- Born: November 24, 1946 (age 79)
- Education: University of Illinois;
- Occupation: Climatologist
- Spouse: Margaret Cahalan ​(m. 1968)​
- Children: 2
- Awards: NASA Exceptional Service Medal

= Robert Cahalan =

American climatologist

Robert F. Cahalan (born November 24, 1946) is an Emeritus Scientist at NASA's Goddard Space Flight Center. He was the chief of the Laboratory for Climate and Radiation from 2003 to 2013, a Project Scientist of the Solar Radiation and Climate Experiment and the president of the International Radiation Commission of the International Association of Meteorology and Atmospheric Sciences (a member of the International Union of Geodesy and Geophysics) from 2008 to 2012. His interests include climate change, energy balance, remote sensing, and solar radiation.

==Biography==
Cahalan grew up in Miamisburg, Ohio and Cincinnati, Ohio and received his master's degree and Doctorate in physics from the University of Illinois in 1969 and 1973. After a two-year post-doc at Syracuse University, and a third year as Visiting Professor there, he became a senior post-doc at the National Center for Atmospheric Research after which he joined NASA Goddard Space Flight Center as a civil servant. There he spent 1979–present, retiring from civil service in 2015 to become Emeritus Scientist. In 2015 he also joined the Johns Hopkins Applied Physics Laboratory as a Senior Scientist.

In 2003–2006 he was the founding chair of the Observations Working Group of the U.S. Global Change Research Program (USGCRP) reported on the status of Earth Observations in an annual report to the US Congress and assisted in coordinating the National Climate Assessment.

Cahalan received the 2006 NASA Exceptional Service Medal, the 2006 NOAA medal for "Outstanding Leadership and Service," and in 2009 was elected a Fellow of the American Meteorological Society.
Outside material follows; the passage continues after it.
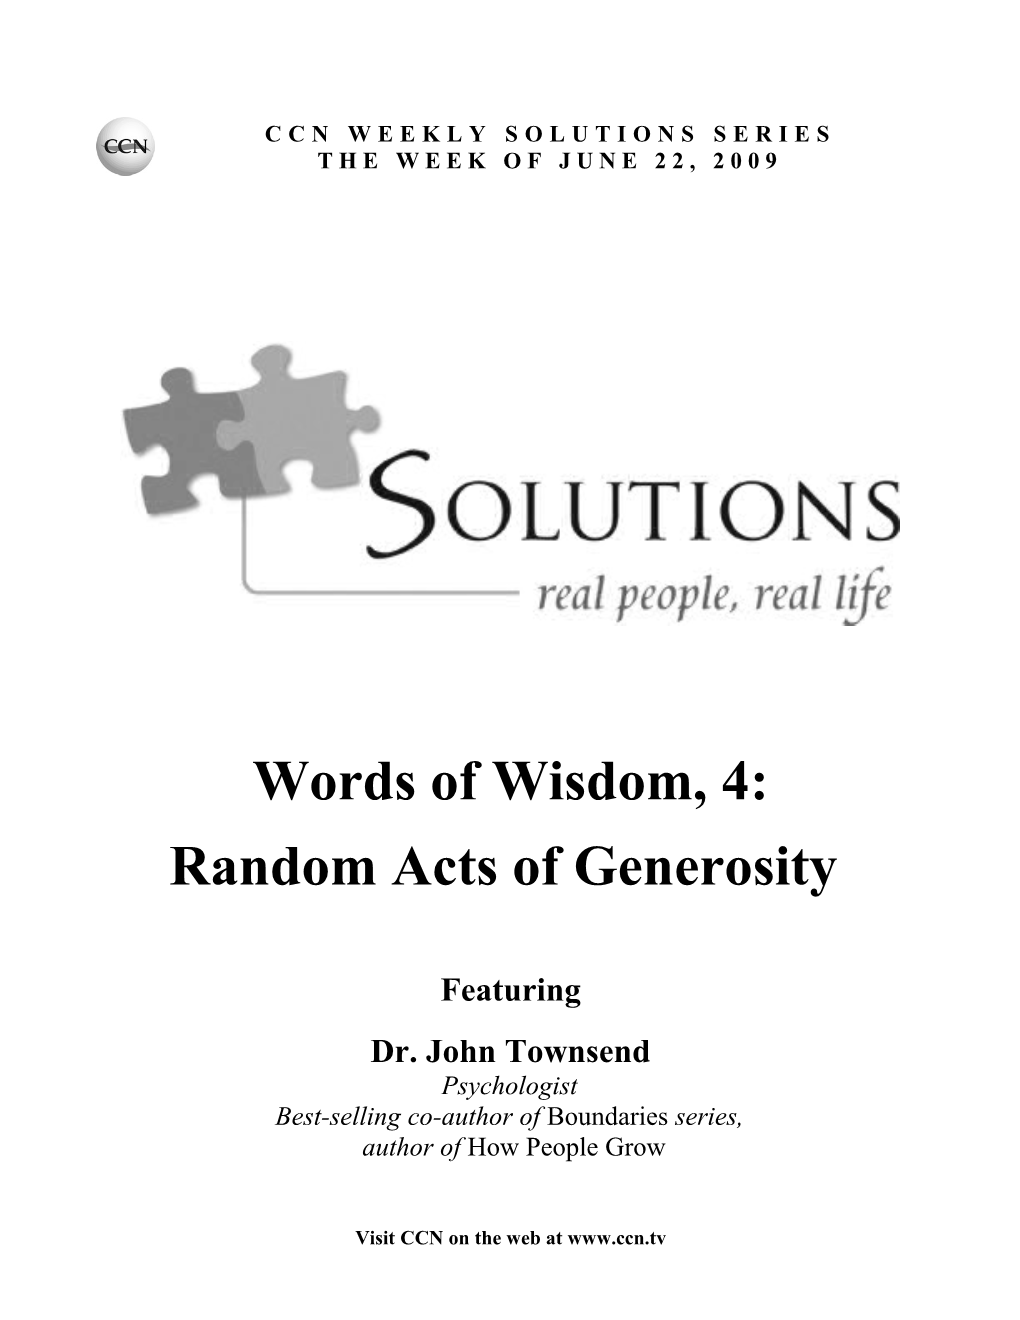 Ccnsolutions: Words of Wisdom, 4 Random Acts of Generositypage 1
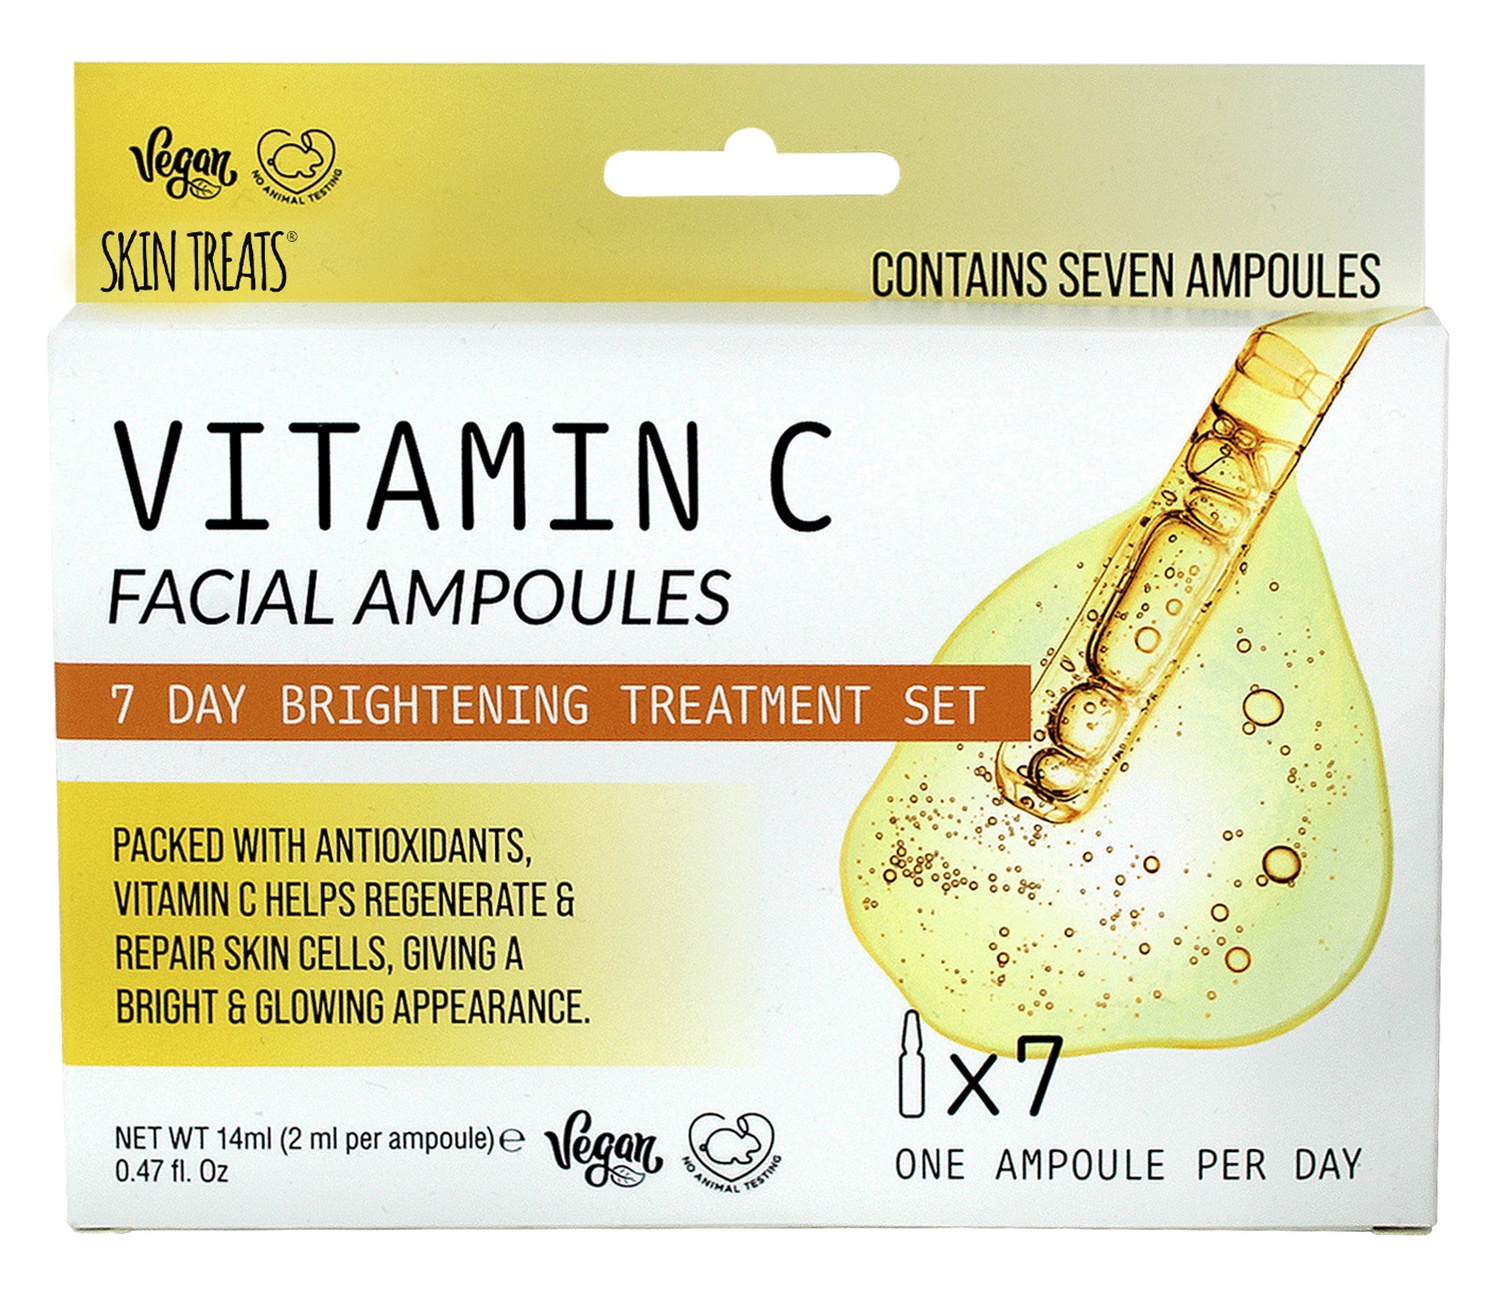 Skin Treats Vitamin C Facial Ampoules - 7 Day Brightening Treatment Set

Cahalan now lives in Greenbelt, Maryland with his wife Margaret Cahalan, whom he married in 1968. He has two sons, Joel and Gabriel. In 2005, Cahalan and his wife founded CHEARS, the Chesapeake Education, Arts, and Research Society, a non-profit organisation dedicated to promoting ecological stewardship and artistic expression in the Chesapeake area.